Task inputs START

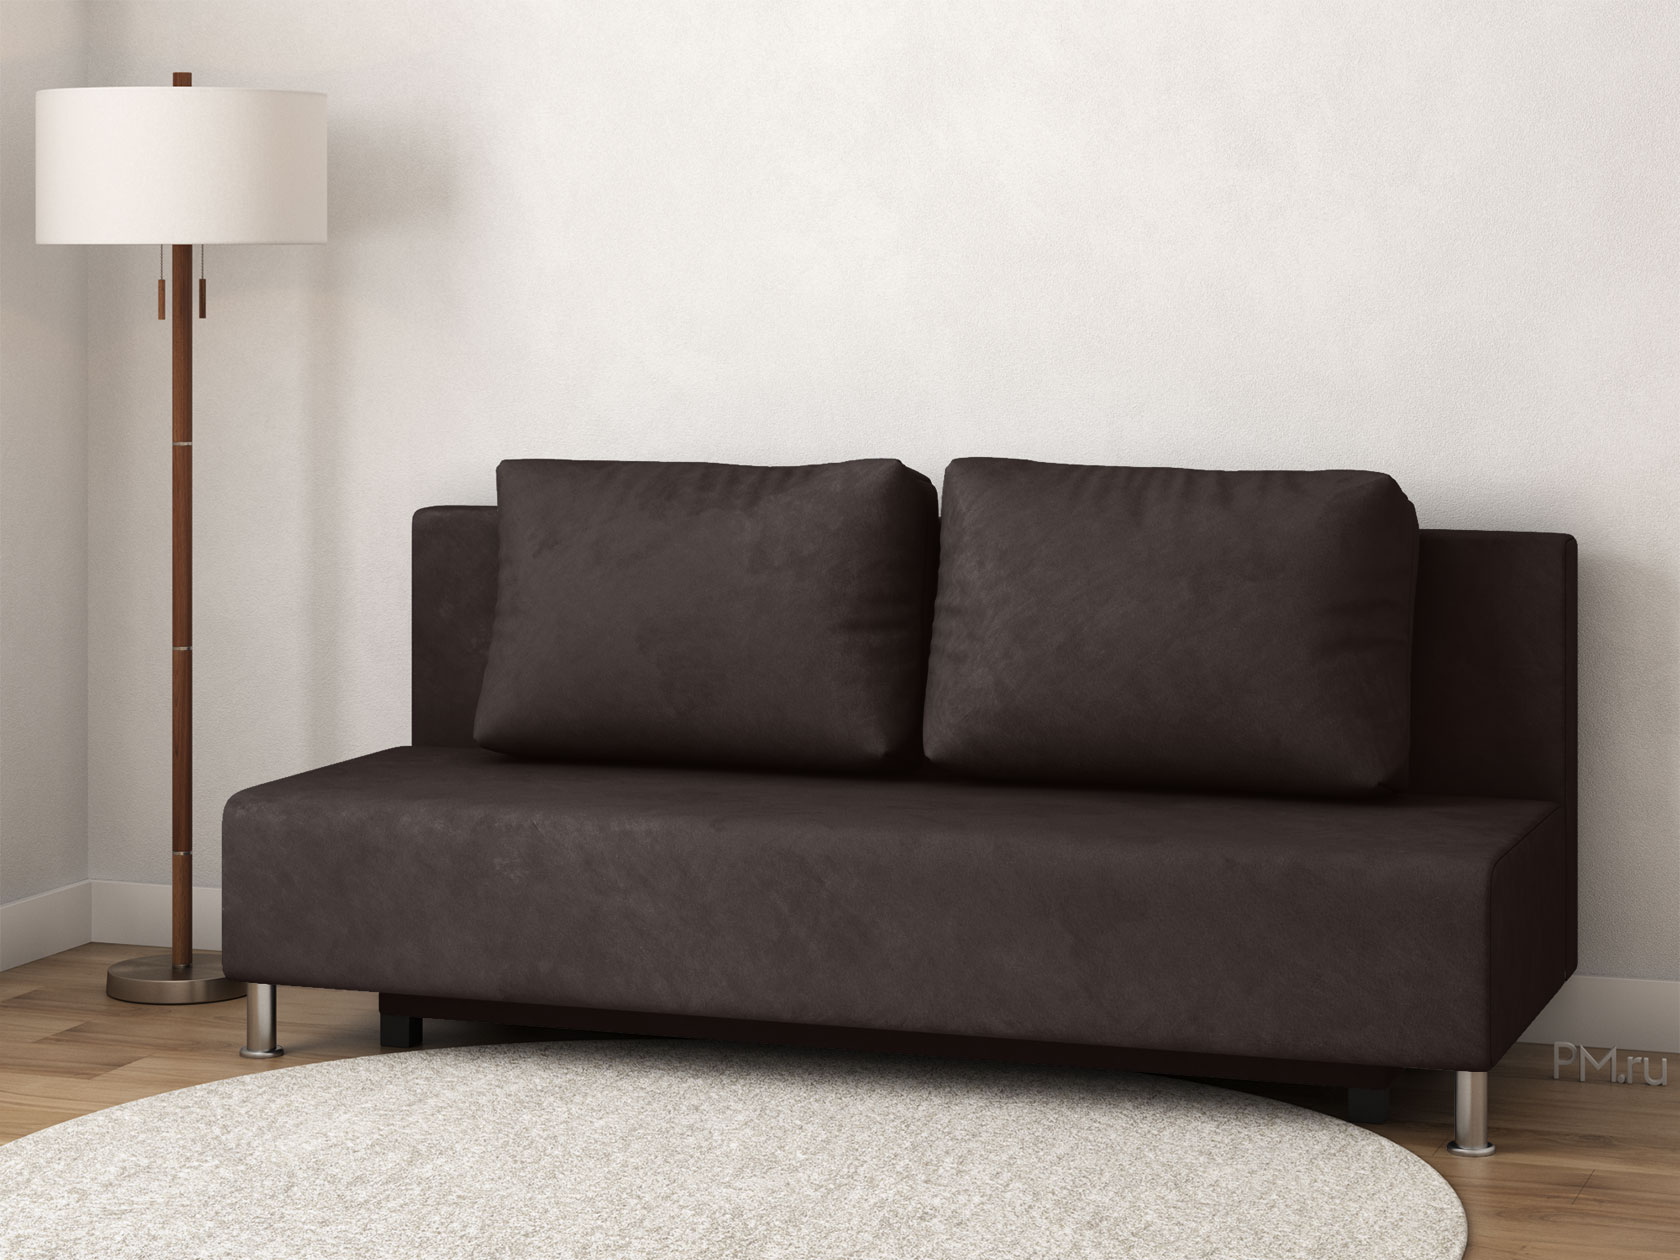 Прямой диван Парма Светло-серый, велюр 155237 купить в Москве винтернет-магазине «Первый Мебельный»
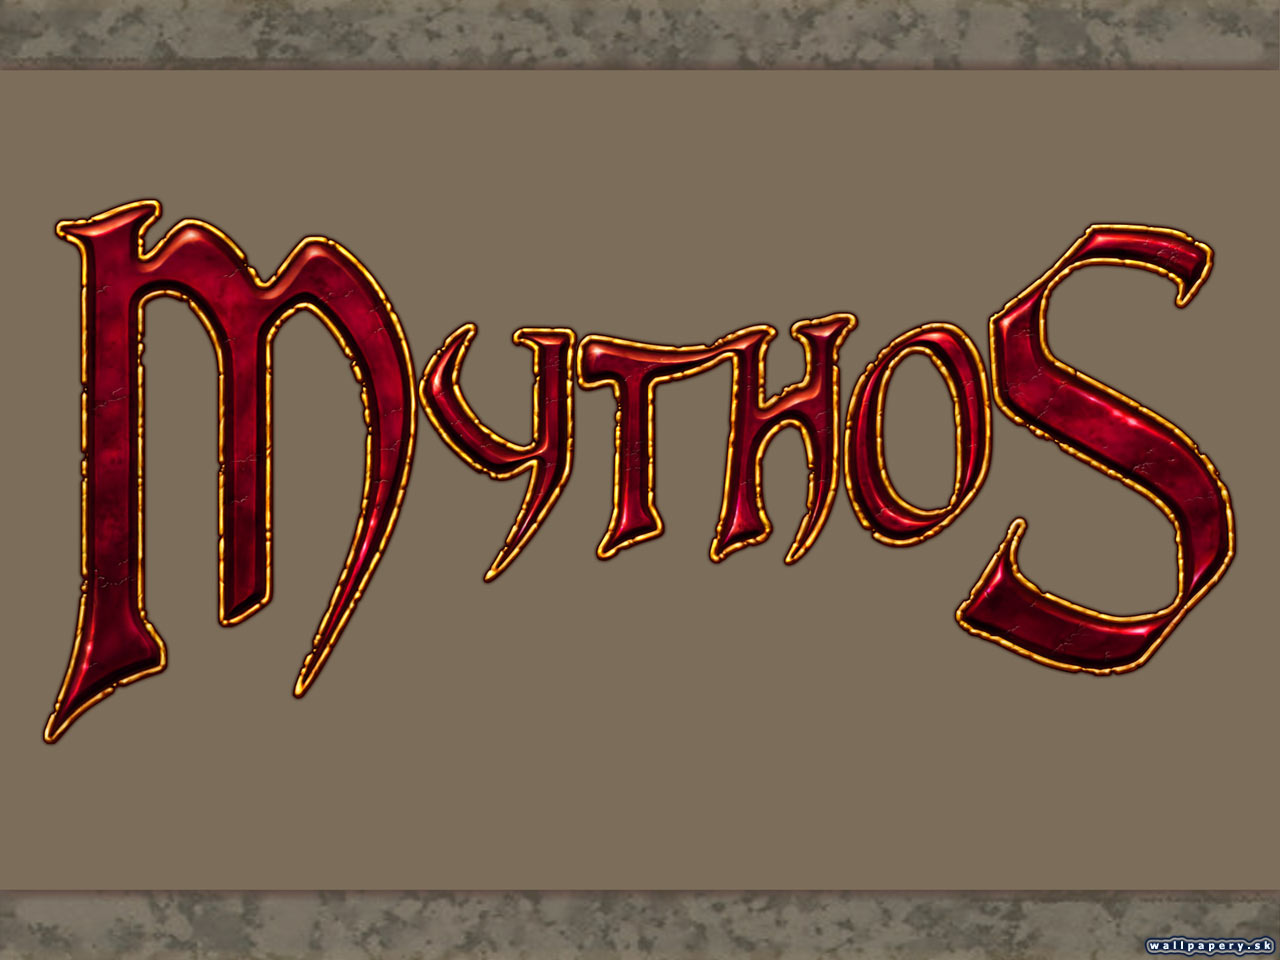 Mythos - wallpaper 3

Task inputs END
Task inputs START

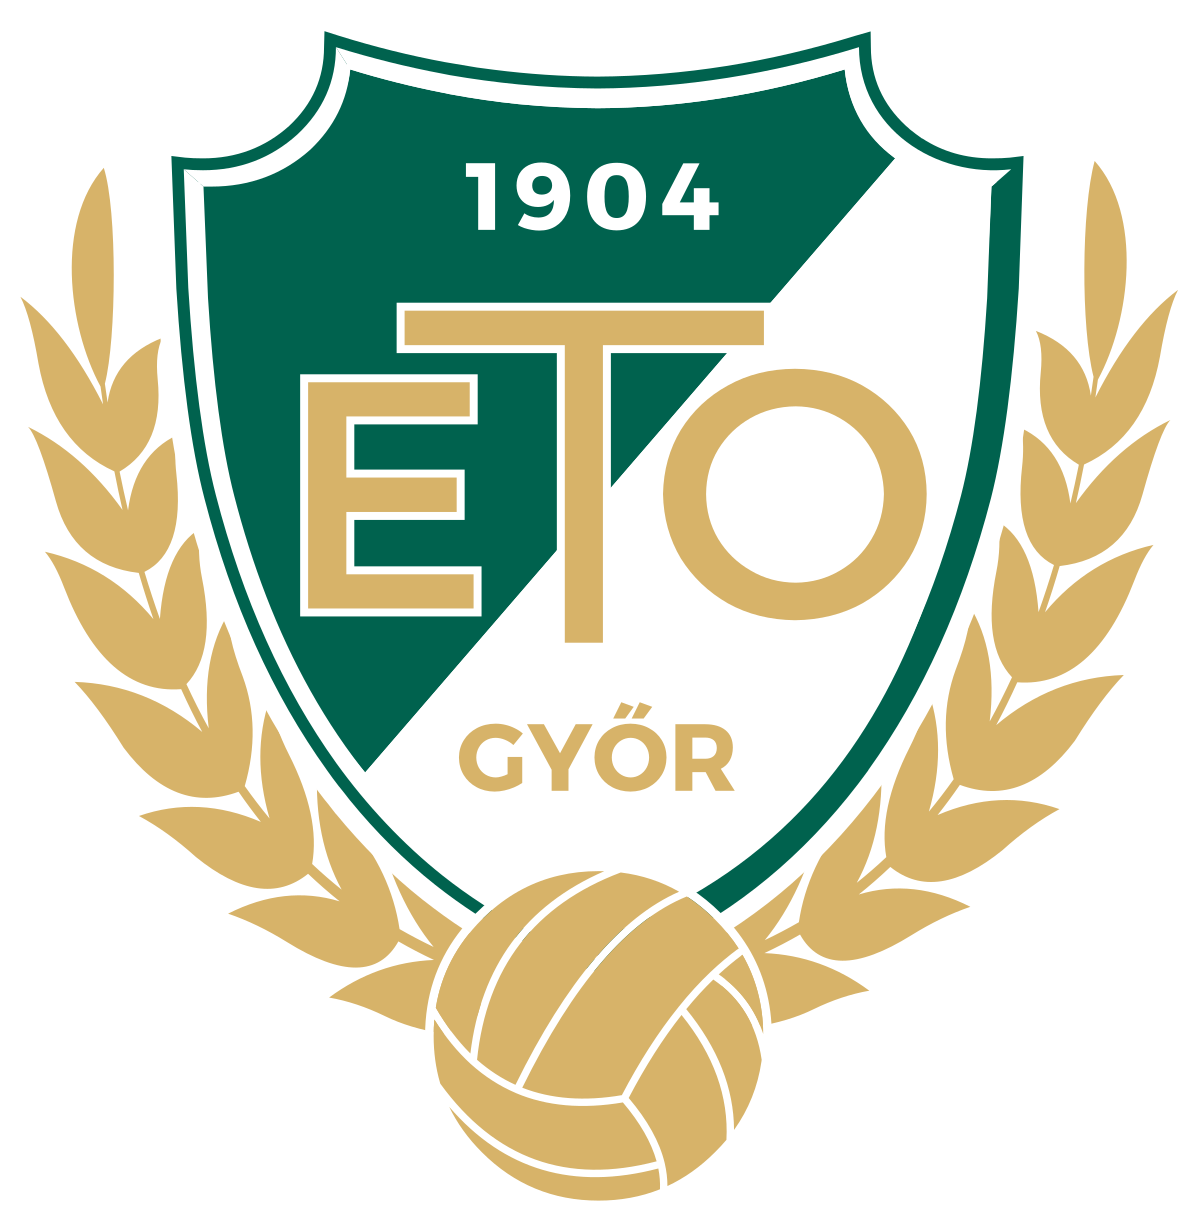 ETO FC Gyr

Task inputs END
Task inputs START

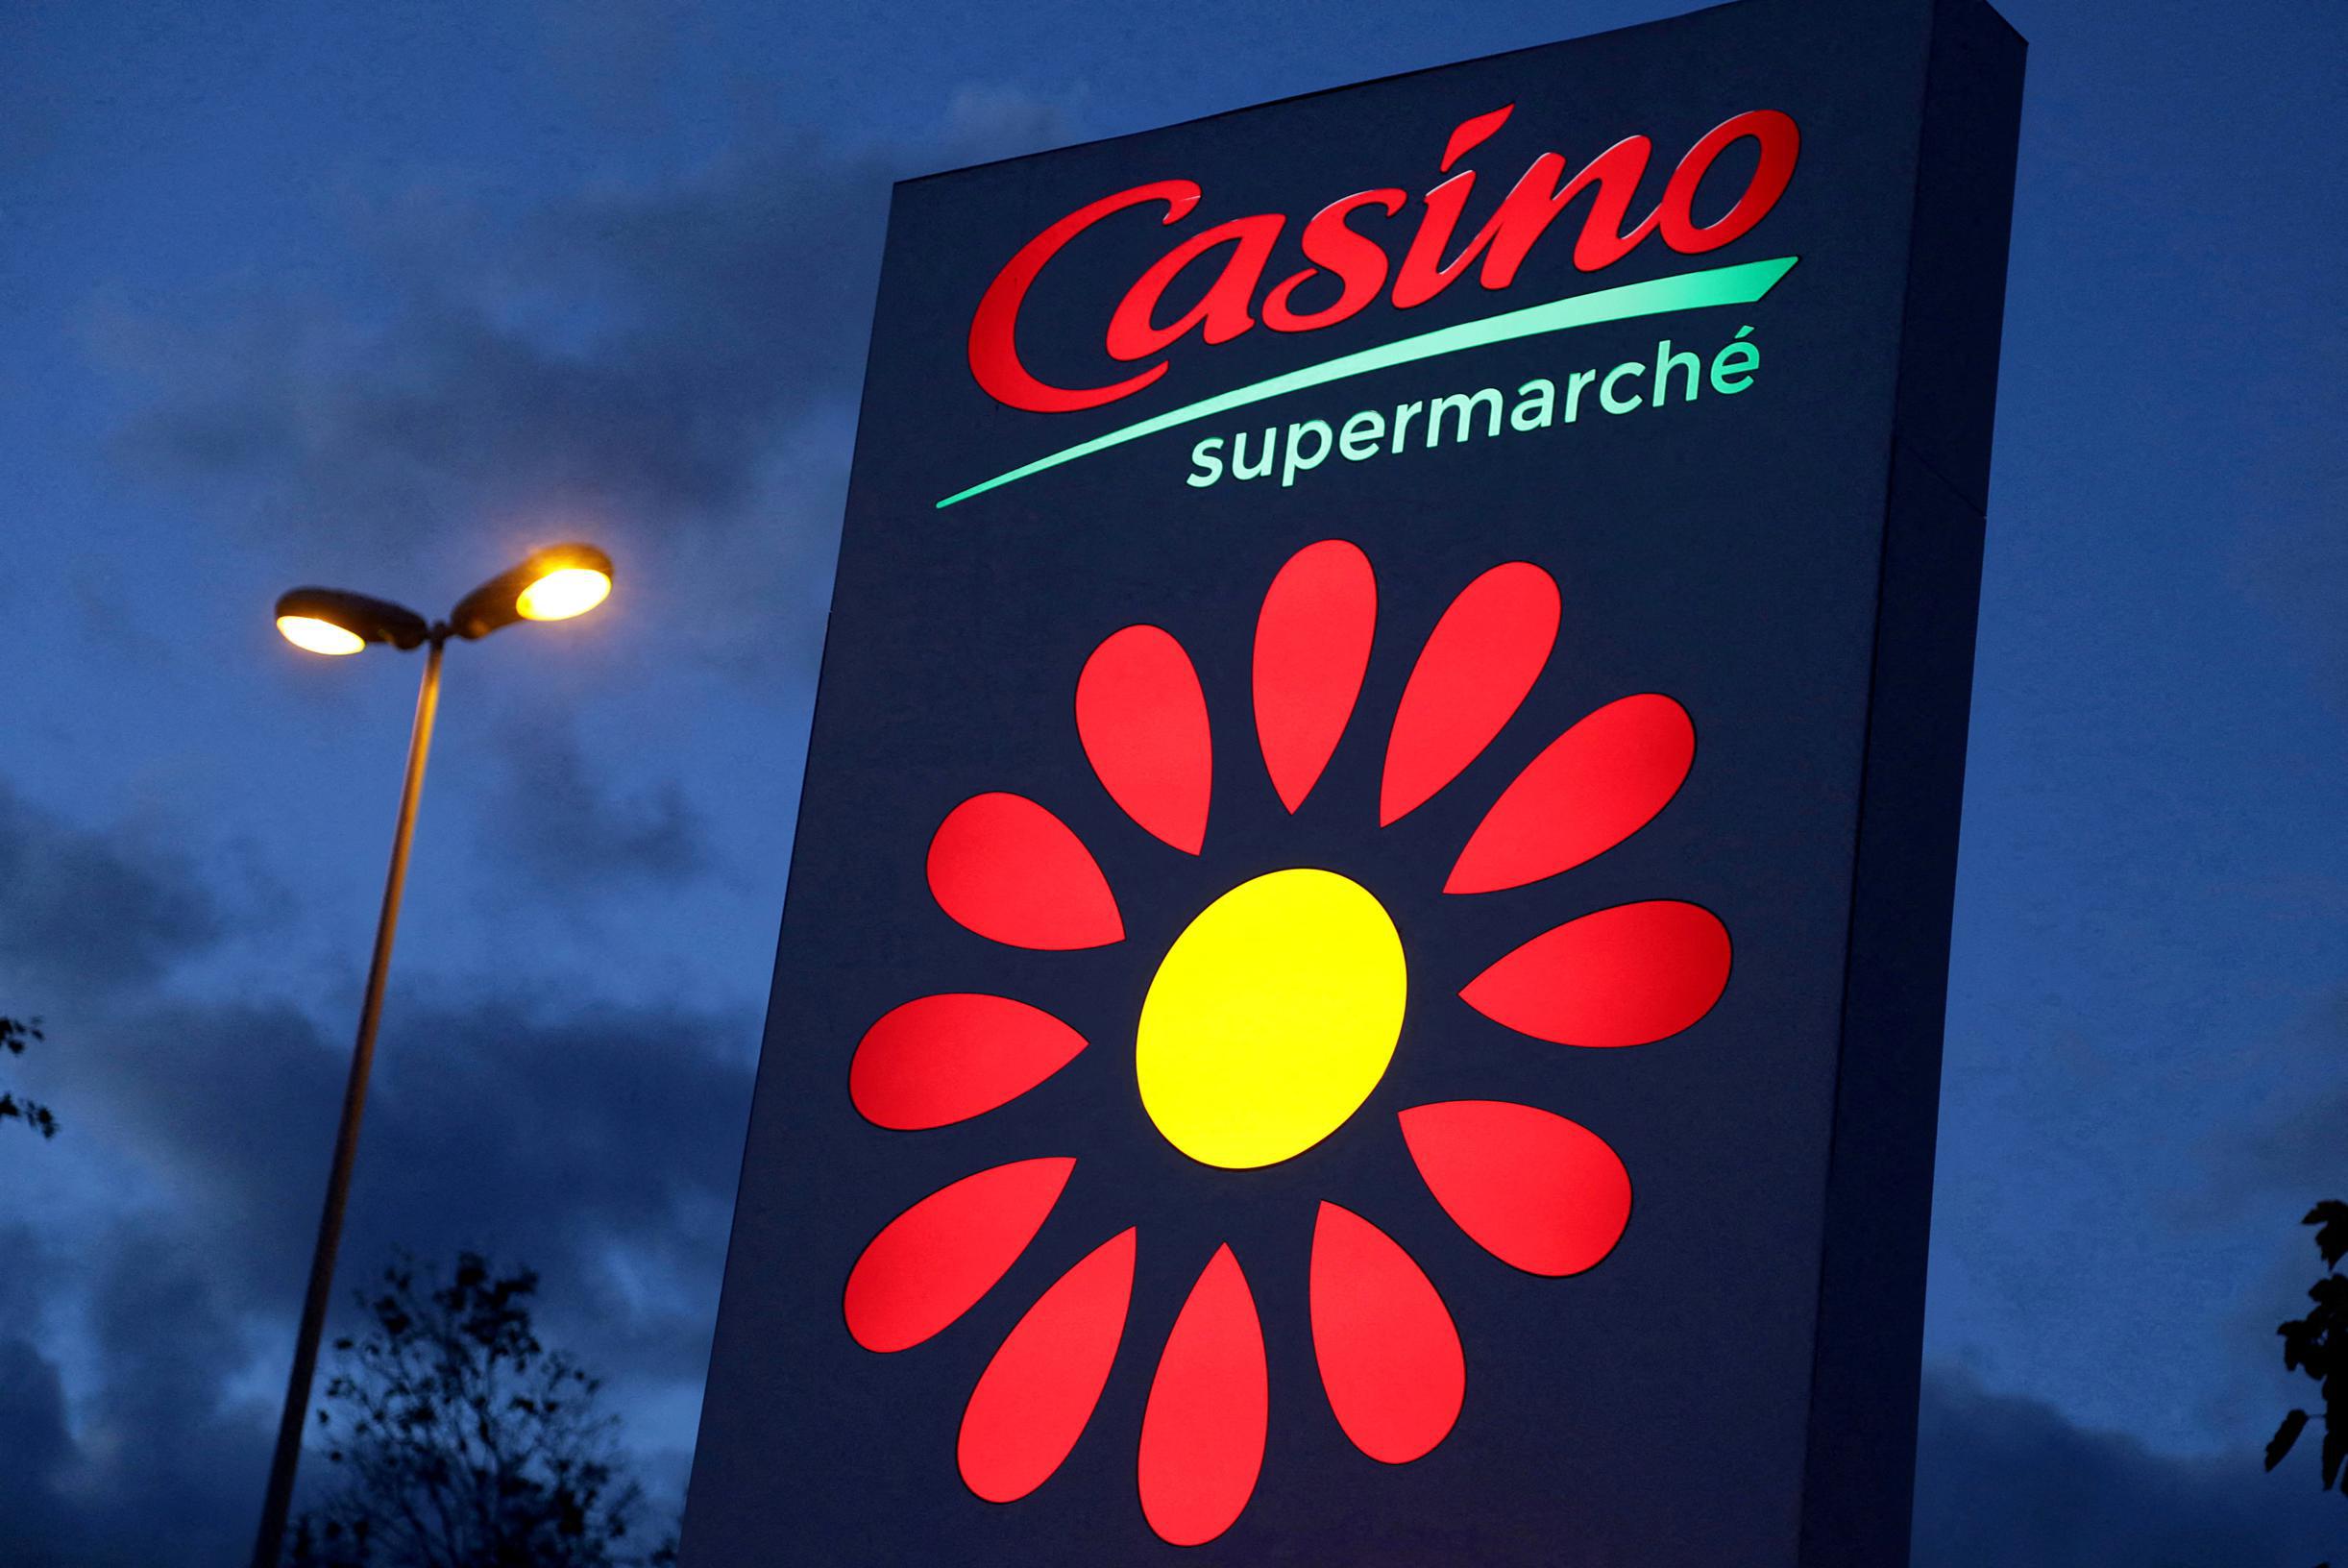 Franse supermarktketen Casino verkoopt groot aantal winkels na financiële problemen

Task inputs END

What you return must match, character for character, the lines above from the one with "Прямой диван Парма" through the one with "Mythos - wallpaper 3", minus any pictures.

## [Solution]
 Прямой диван Парма Светло-серый, велюр 155237 купить в Москве винтернет-магазине «Первый Мебельный»
 Mythos - wallpaper 3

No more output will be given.